Created attachment 897917 [details] script to create 100 SDs Description of problem: high cpu usage attributed to 'vdsm' after setting 100 NFS storage domains Version-Release number of selected component (if applicable): is36.4 vdsm-4.13.2-0.17.el6ev How reproducible: 100% Steps to Reproduce: 1. set NFS DC with 3 hosts (not sure if we really need 3 hosts) 2. create 100 NFS storage domains 3. run "top" on one of the hosts and check vdsm Actual results: ========== 7589 vdsm 0 -20 3537m 55m 6532 S 249.4 0.6 2540:04 vdsm Expected results: Additional info:
Created attachment 897918 [details] logs
Created attachment 897920 [details] create_sd.py
How many cores in the machine that show 249% cpu usage?
4 cores 1 socket
Some more info from the machine: cpu: Intel(R) Xeon(R) CPU E5504 @ 2.00GHz release: Red Hat Enterprise Linux Server release 6.5 Beta (Santiago) last yum update: 2014-05-04 (missing lot of updates)
Please repeat this test with sane number of storage domains - we have customers using 30-40 storage domains, and it would be useful to see how the system behave in normal conditions to evaluate the severity of this issue.
I reproduced this partially using master (2014-05-21) setup with 30 nfs storage domains.

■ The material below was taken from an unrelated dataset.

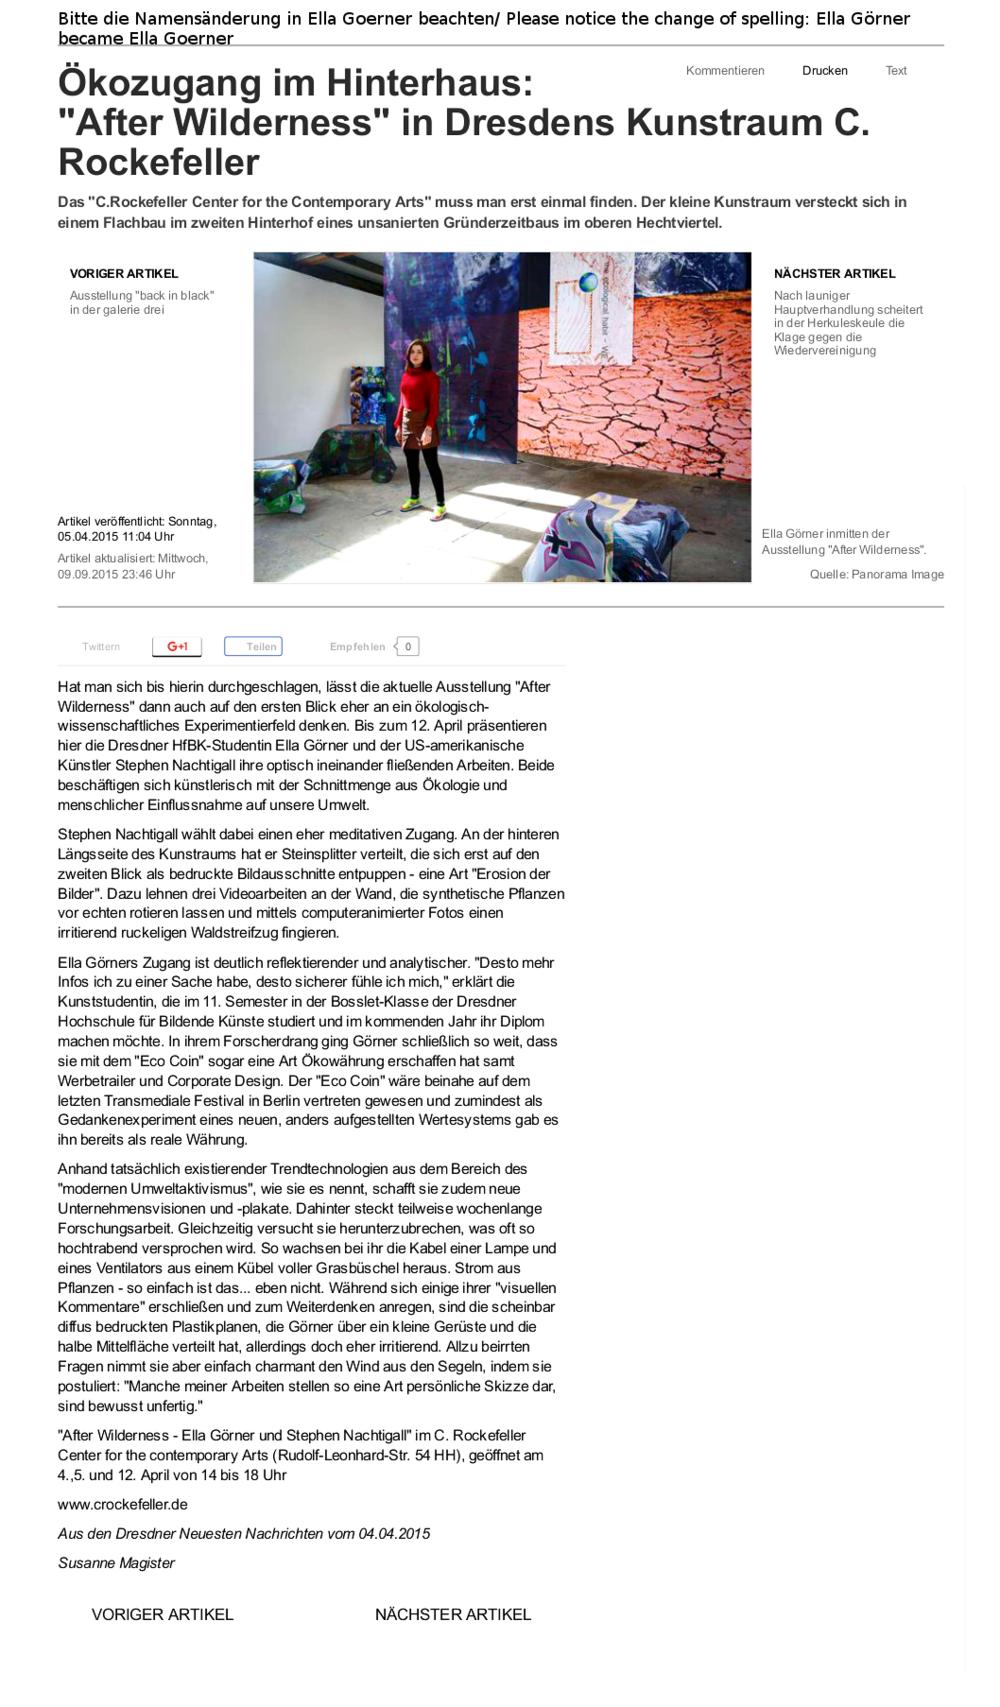 Ella_Goerner_Ökozugang im Hinterhaus-Article_DNN
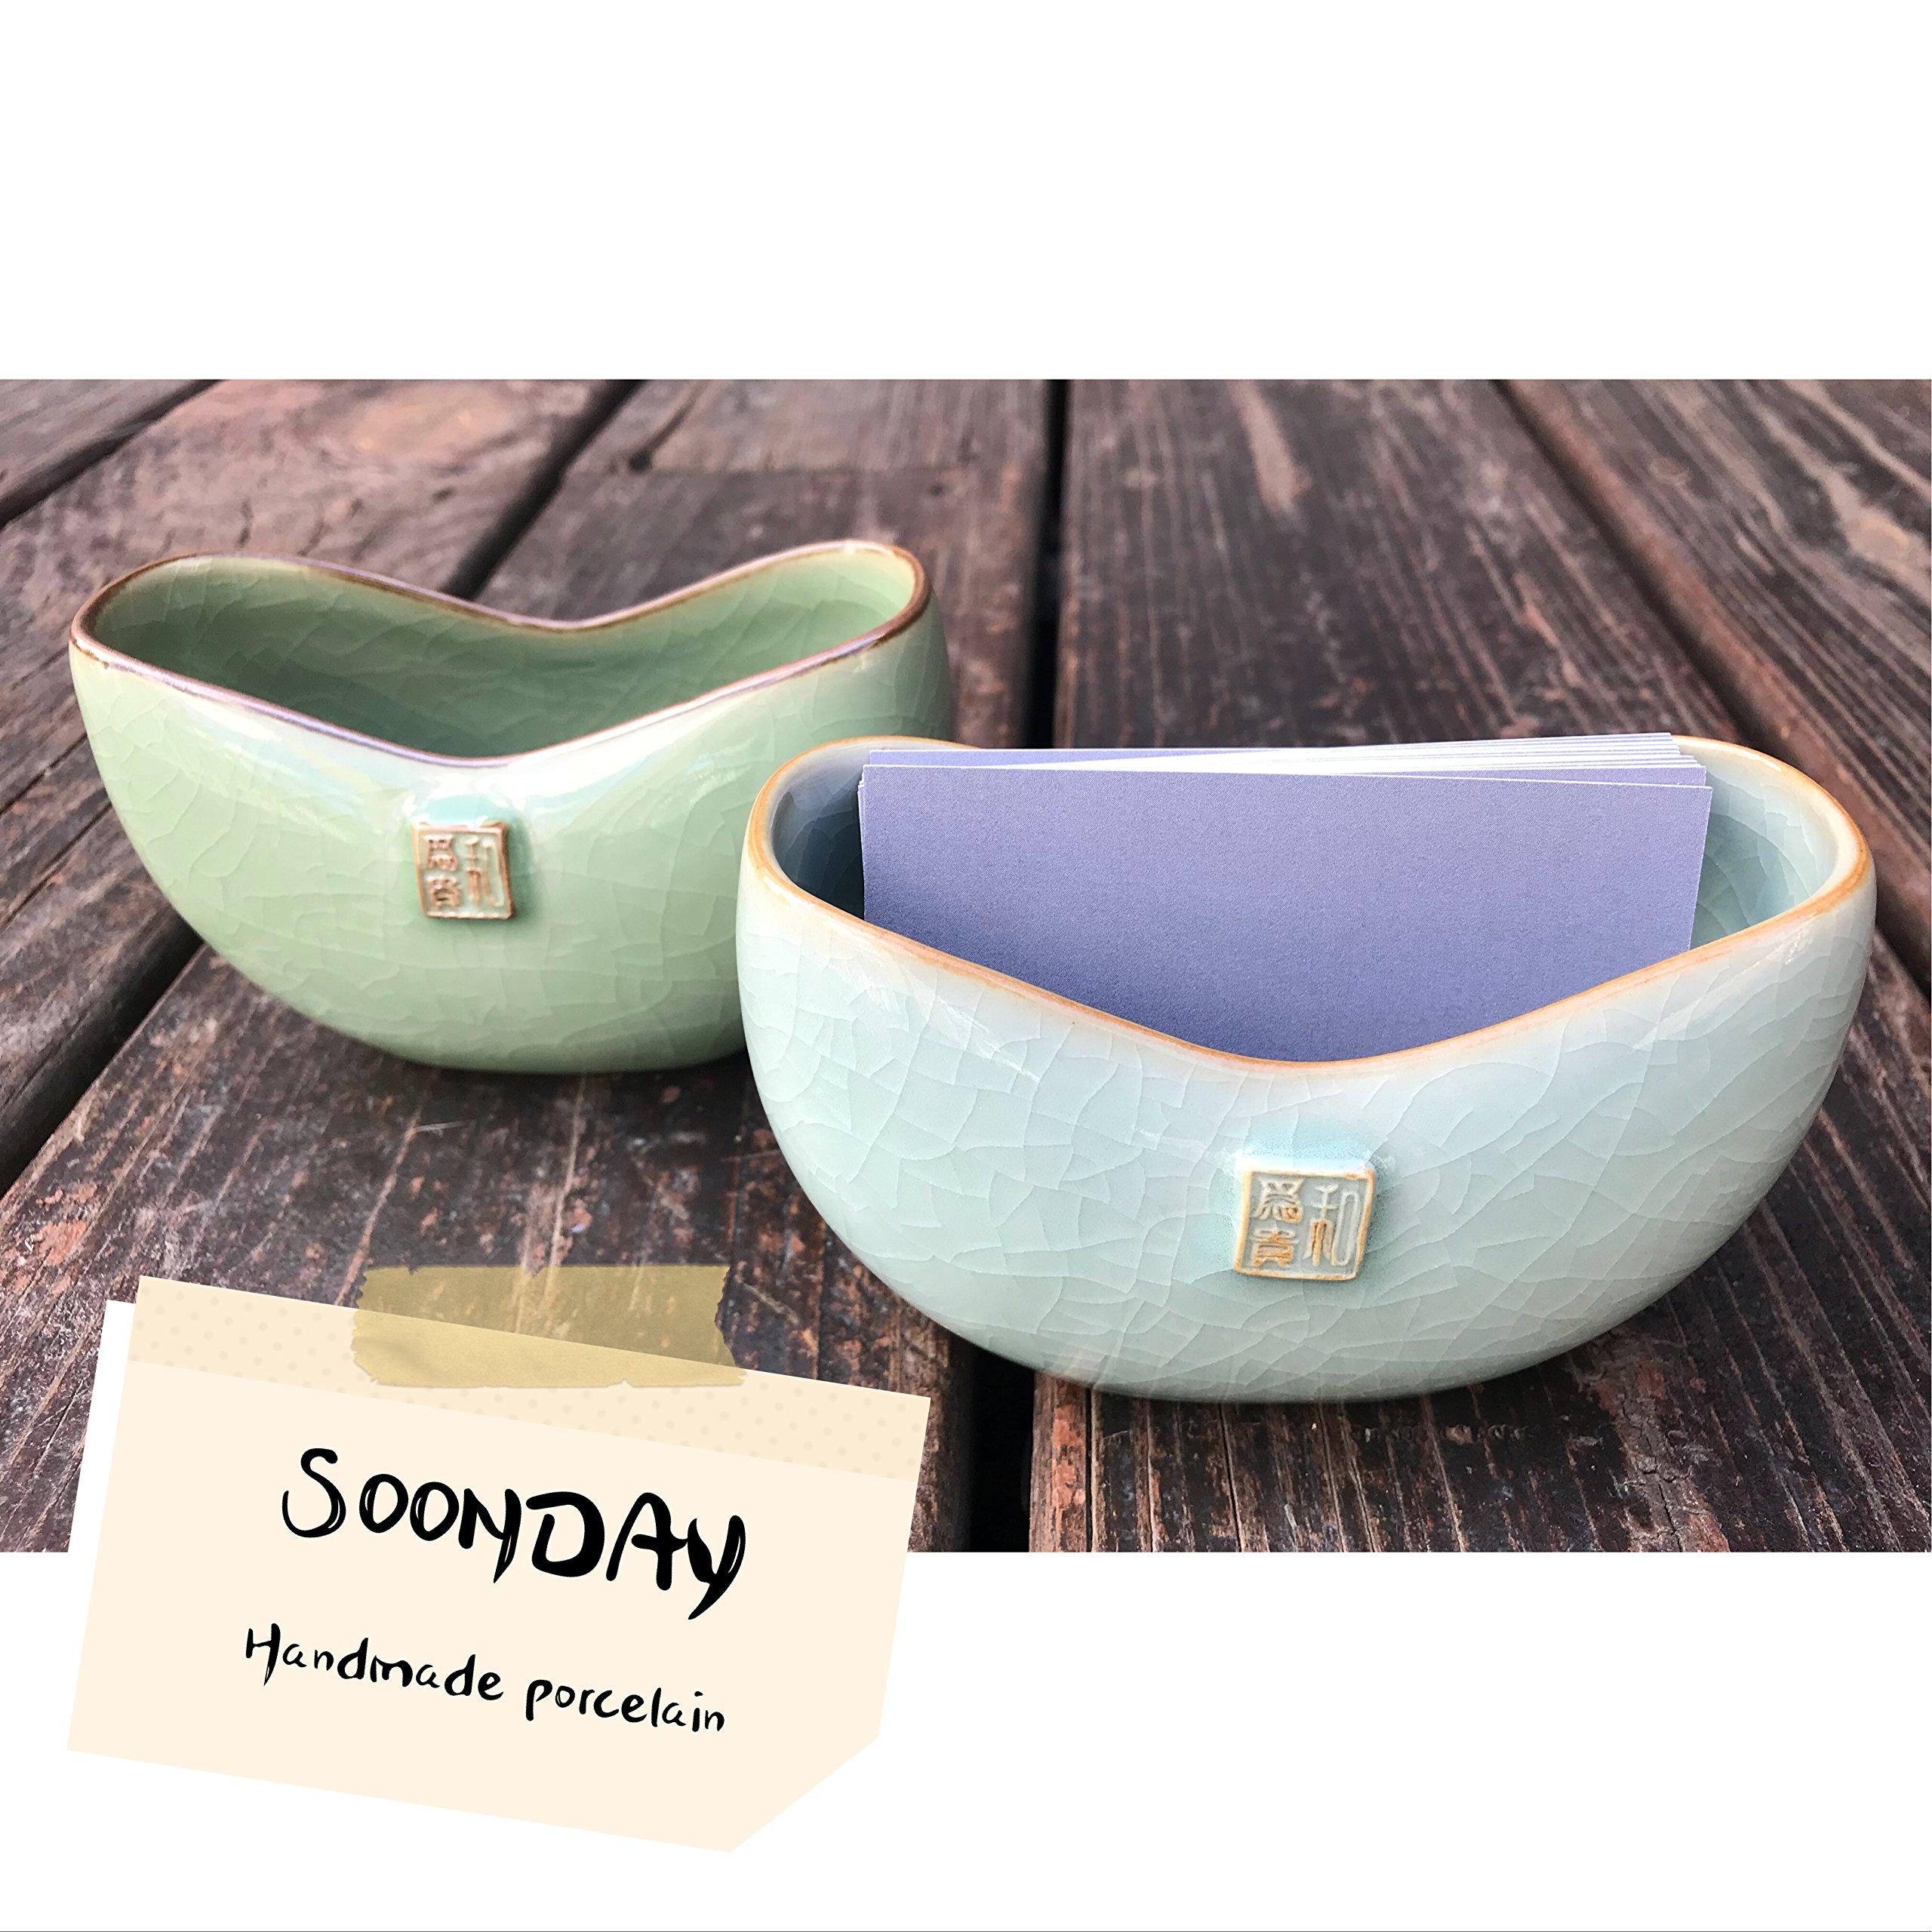 Desktop Business Card Holder | Ceramic Indoor Planter, Handmade Porcelain Container, Countertop Office Restaurant Home Decor 1 pc(Greenish Blue)

I don't get the extreme cpu reported by Aharon, only little high cpu usage of a about 20% out of 800%. Attached profiles showing where time is spent on this setup on the spm.
Created attachment 898046 [details] profile results sorted by time
Created attachment 898047 [details] profile results sorted by cumultive time
The high cpu usage is caused by inefficient implementation of the mount related code, having O(N^2) complexity. NfsStorageDomain.selftest is responsible to 267 seconds of total 458 seconds of cpu time (58%).
Set severity to medium and schedule for 3.5.0, since with normal setup (30 storage domains), this is not a major issue. This is also not a regression, the code responsible for this is from 2012.
Marina, can you tell us what is a common number of storage domains in the field? Do we support systems with more than 30-40 NFS storage domains?
Without requirement guidelines, these kind of bugs are pointless. Sean - We need concrete definition on the size of environment we need to support, and the hardware we require customers to have for it. Aharon/Gil - we need input on what QA are able to test. [in any event, 100 SDs sounds like a usecase we'll never see in the field, and if we do, the first action item would be to consolidate them.]
Nir, You asked me to set 100 SDs in comment #7 from https://bugzilla.redhat.com/show_bug.cgi?id=1095907 Anyway, in case it is supported we need to fix, In case it is not, we need to block the option to add SD above supported numbers. I think is it up to PM to decide and then we should continue accordingly Sean?
(In reply to Aharon Canan from comment #16) > You asked me to set 100 SDs in comment #7 from > https://bugzilla.redhat.com/show_bug.cgi?id=1095907 In https://bugzilla.redhat.com/show_bug.cgi?id=1095907#c6 I asked for "30 ISCIS storage domains" In https://bugzilla.redhat.com/show_bug.cgi?id=1095907#c7 I suggested to create "lot of (100?) mounts" Sorry if that was not clear.
Aharon, can you test the attached patch with your setup?
do not have resource for integration testing for now.
Bug verified on RHEV-M 3.5.0-0.22.el6ev RHEL - 6Server - 6.6.0.2.el6 libvirt-0.10.2-46.el6_6.1 vdsm-4.16.7.6-1.el6ev Created 100 NFS Storage Domains and checked top on host: top - 18:52:14 up 12 days, 9:09, 2 users, load average: 1.29, 1.21, 1.15 Tasks: 1343 total, 1 running, 1341 sleeping, 0 stopped, 1 zombie Cpu(s): 0.3%us, 1.0%sy, 0.0%ni, 97.9%id, 0.7%wa, 0.0%hi, 0.0%si, 0.0%st Mem: 396875340k total, 6112184k used, 390763156k free, 159604k buffers Swap: 16383996k total, 0k used, 16383996k free, 1931216k cached PID USER PR NI VIRT RES SHR S %CPU %MEM TIME+ COMMAND 45620 vdsm 0 -20 33.6g 121m 9700 S 62.4 0.0 171:36.09 vdsm Bug didn't reproduce.